§ TASK TO COMPLETE: Copy the listing exactly; drop the pictures.

§ SOURCE DATA:
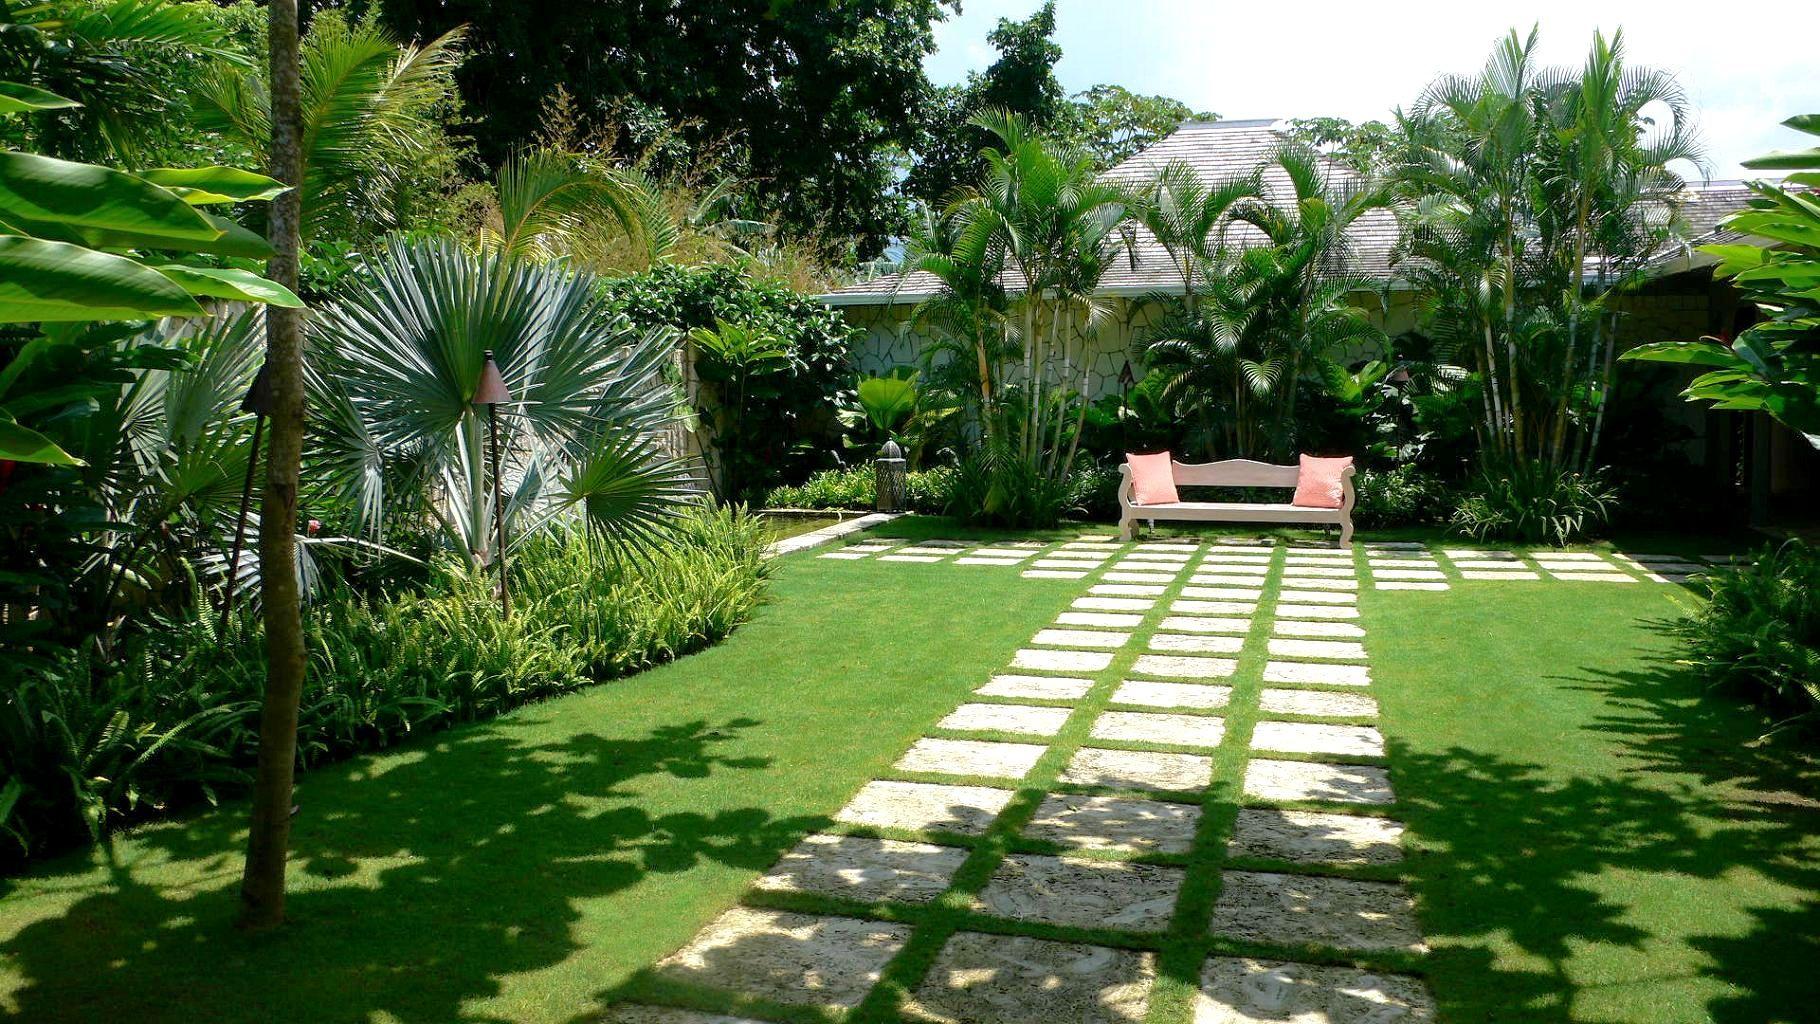 Landscaping Ideas For Small Yards Ontario Garden Design Landscape Garden Idea Jardines Modernos Jardines Diseno De Jardin Backyard garden ideas ontario
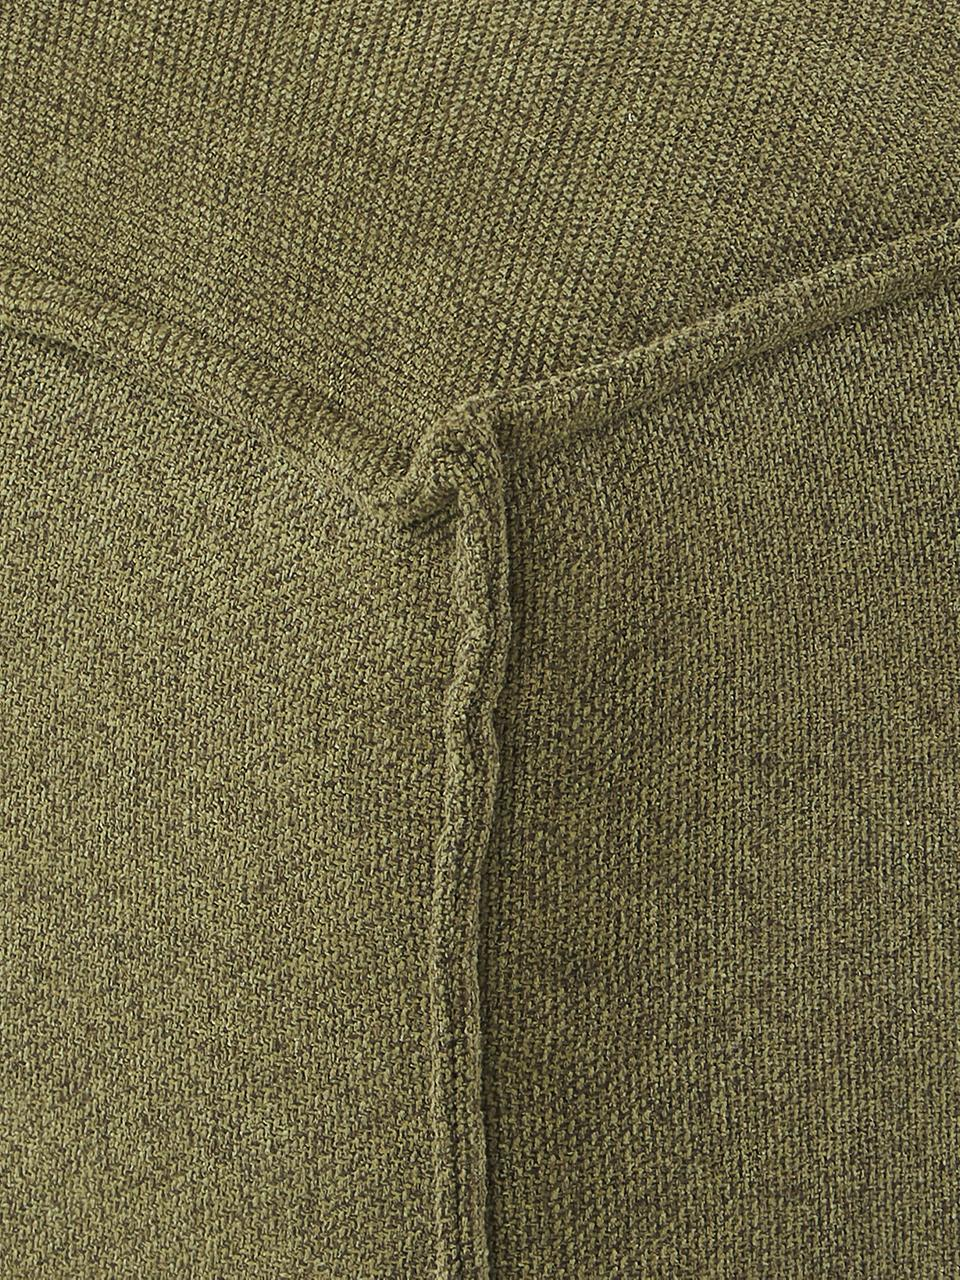 Sofa-Hocker Lennon in Grün, Bezug: 100% Polyester 35.000 Sch, Gestell: Massives Kiefernholz, Spe, Füße: Kunststoff, Webstoff Grün, 88 x 43 cm
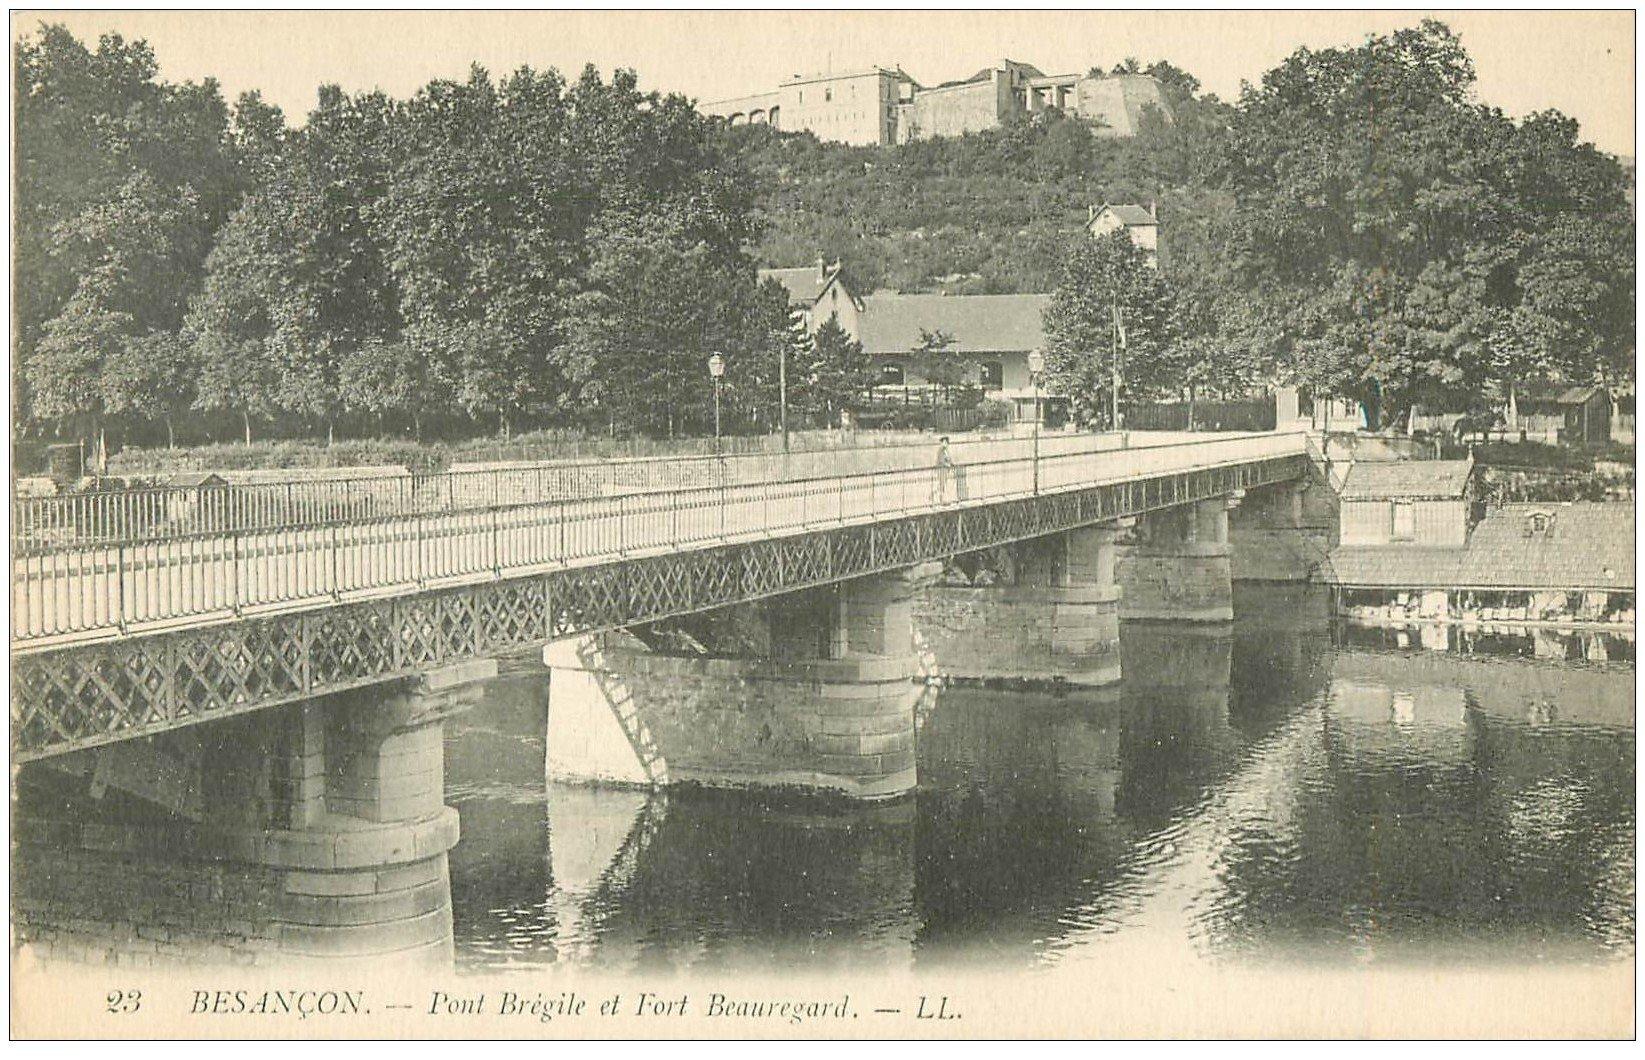 25 besancon pont br gile et fort beauregard for 25 besancon

§ ANSWER BELOW:
 Landscaping Ideas For Small Yards Ontario Garden Design Landscape Garden Idea Jardines Modernos Jardines Diseno De Jardin Backyard garden ideas ontario
 Sofa-Hocker Lennon in Grün, Bezug: 100% Polyester 35.000 Sch, Gestell: Massives Kiefernholz, Spe, Füße: Kunststoff, Webstoff Grün, 88 x 43 cm
 25 besancon pont br gile et fort beauregard for 25 besancon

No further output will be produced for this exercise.